::: DATA TO PROCESS
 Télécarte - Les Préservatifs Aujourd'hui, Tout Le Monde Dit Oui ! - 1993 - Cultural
::::::
::: DATA TO PROCESS
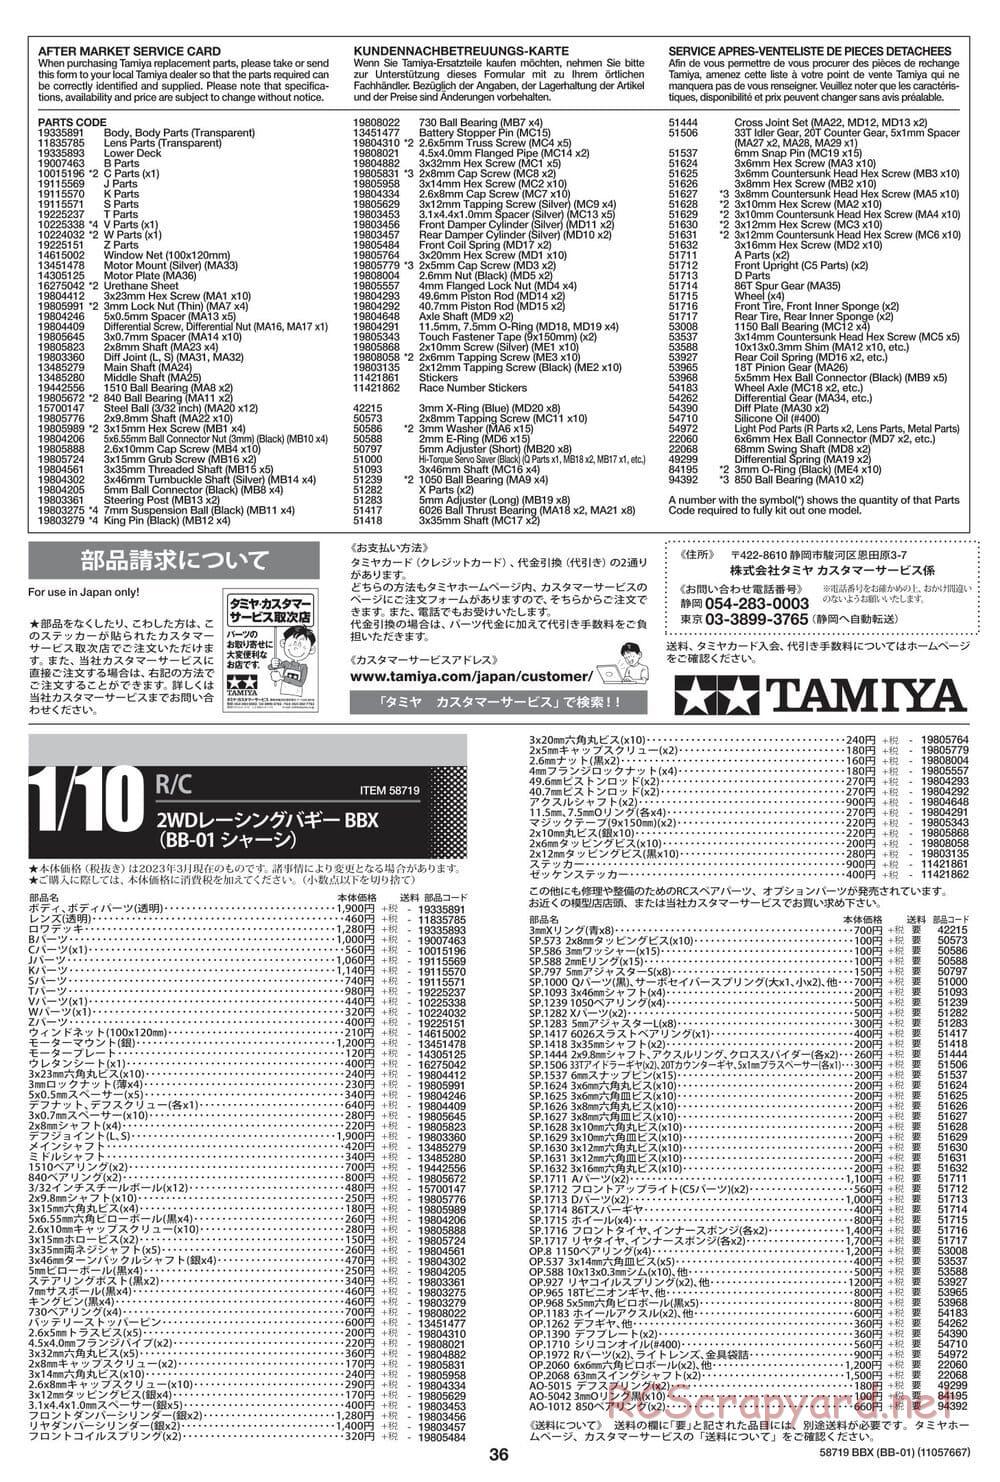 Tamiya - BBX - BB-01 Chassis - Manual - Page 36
::::::
::: DATA TO PROCESS
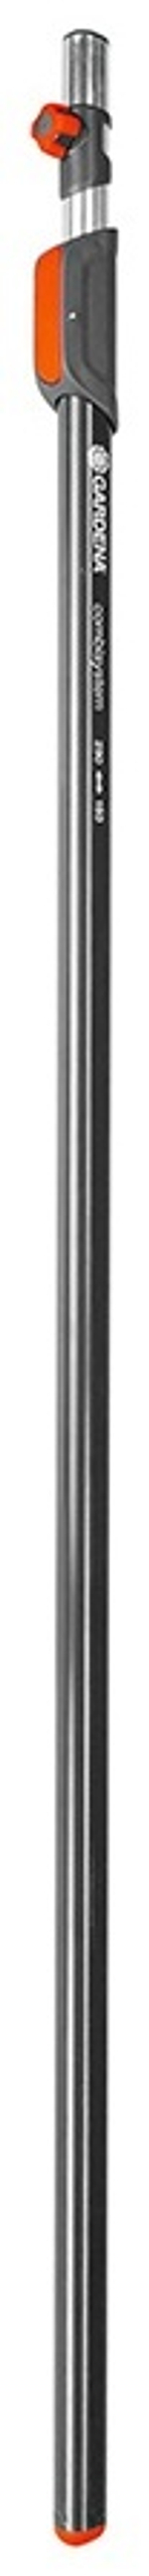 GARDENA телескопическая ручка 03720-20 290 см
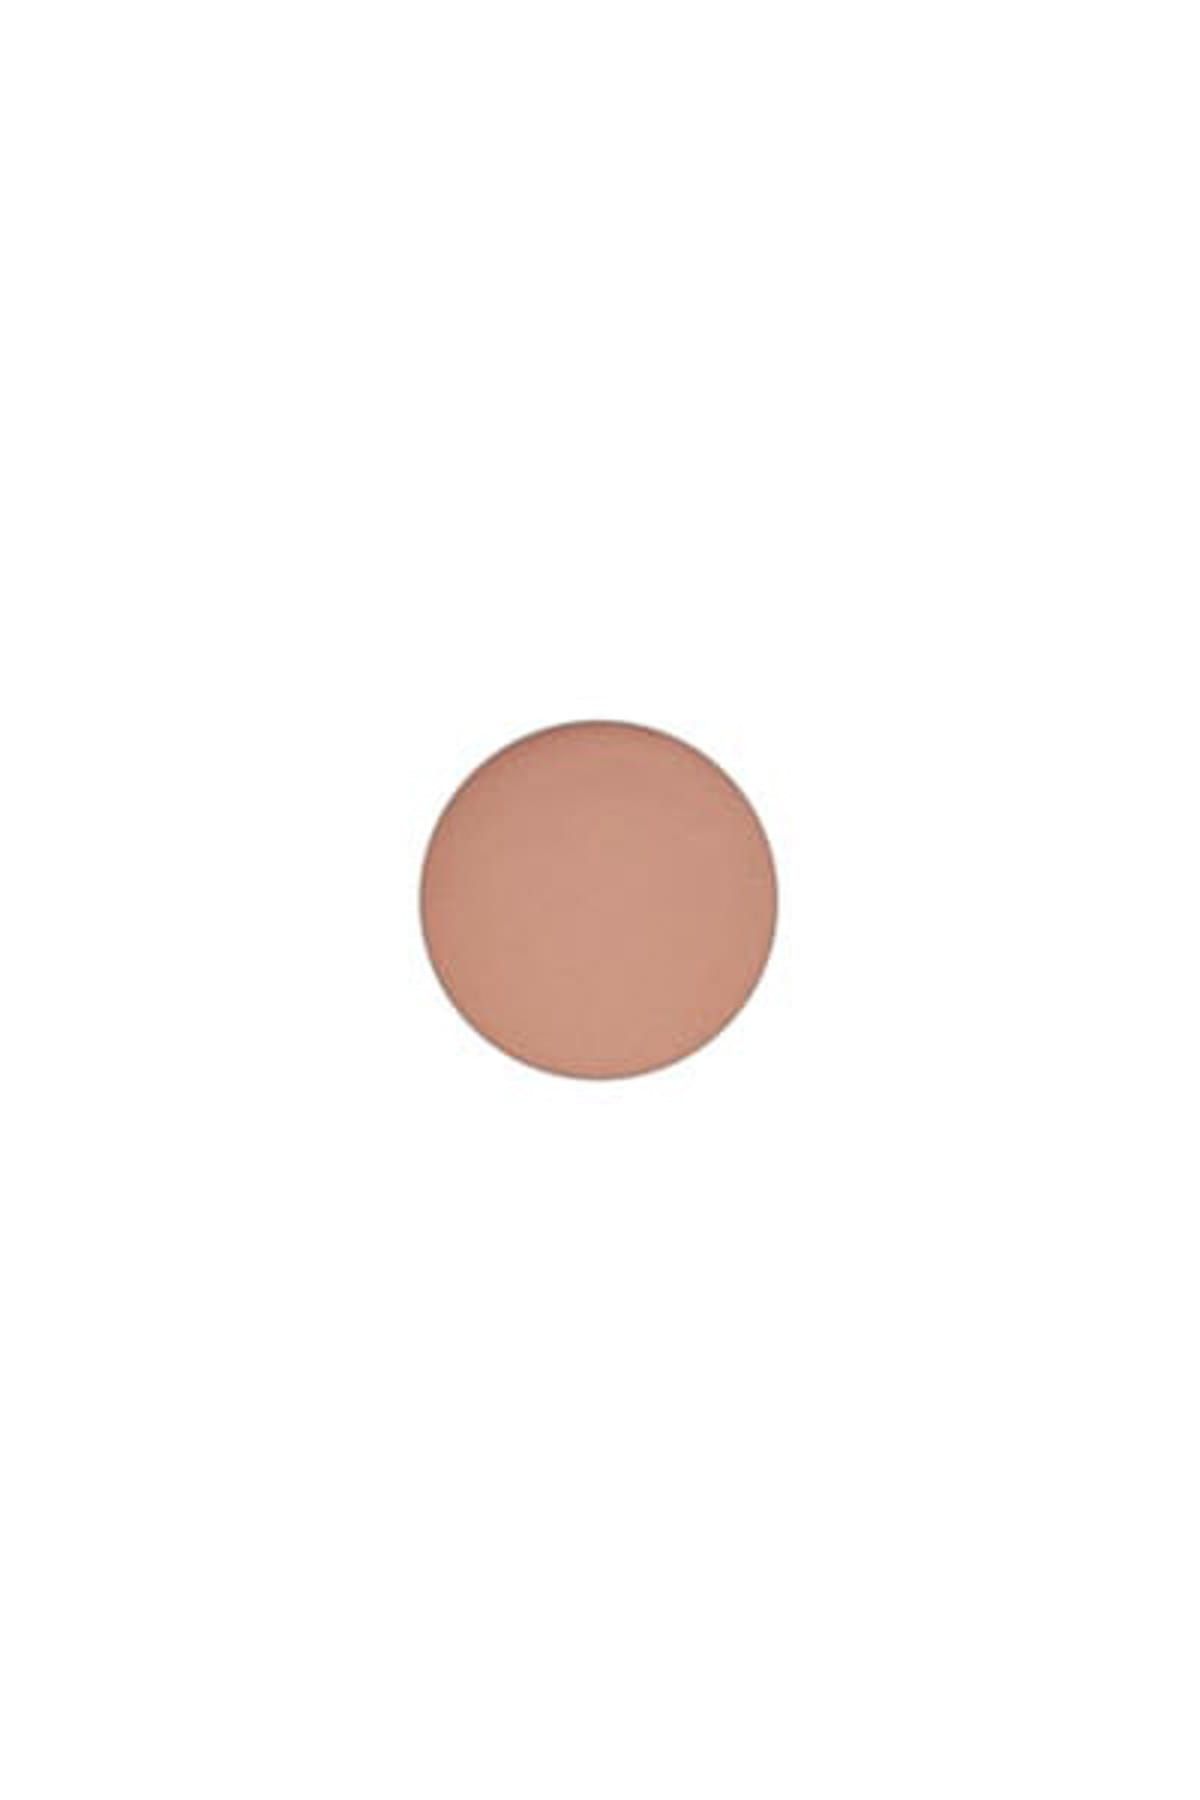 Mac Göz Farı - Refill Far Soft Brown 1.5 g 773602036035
::::::
** ABOUT THIS TASK **
Copy everything above from the line holding "GARDENA телескопическая ручка" down to the line holding "Mac Göz Farı", both ends included, exactly as it stands and without the pictures.

** RESPONSE **
 GARDENA телескопическая ручка 03720-20 290 см
 Mac Göz Farı - Refill Far Soft Brown 1.5 g 773602036035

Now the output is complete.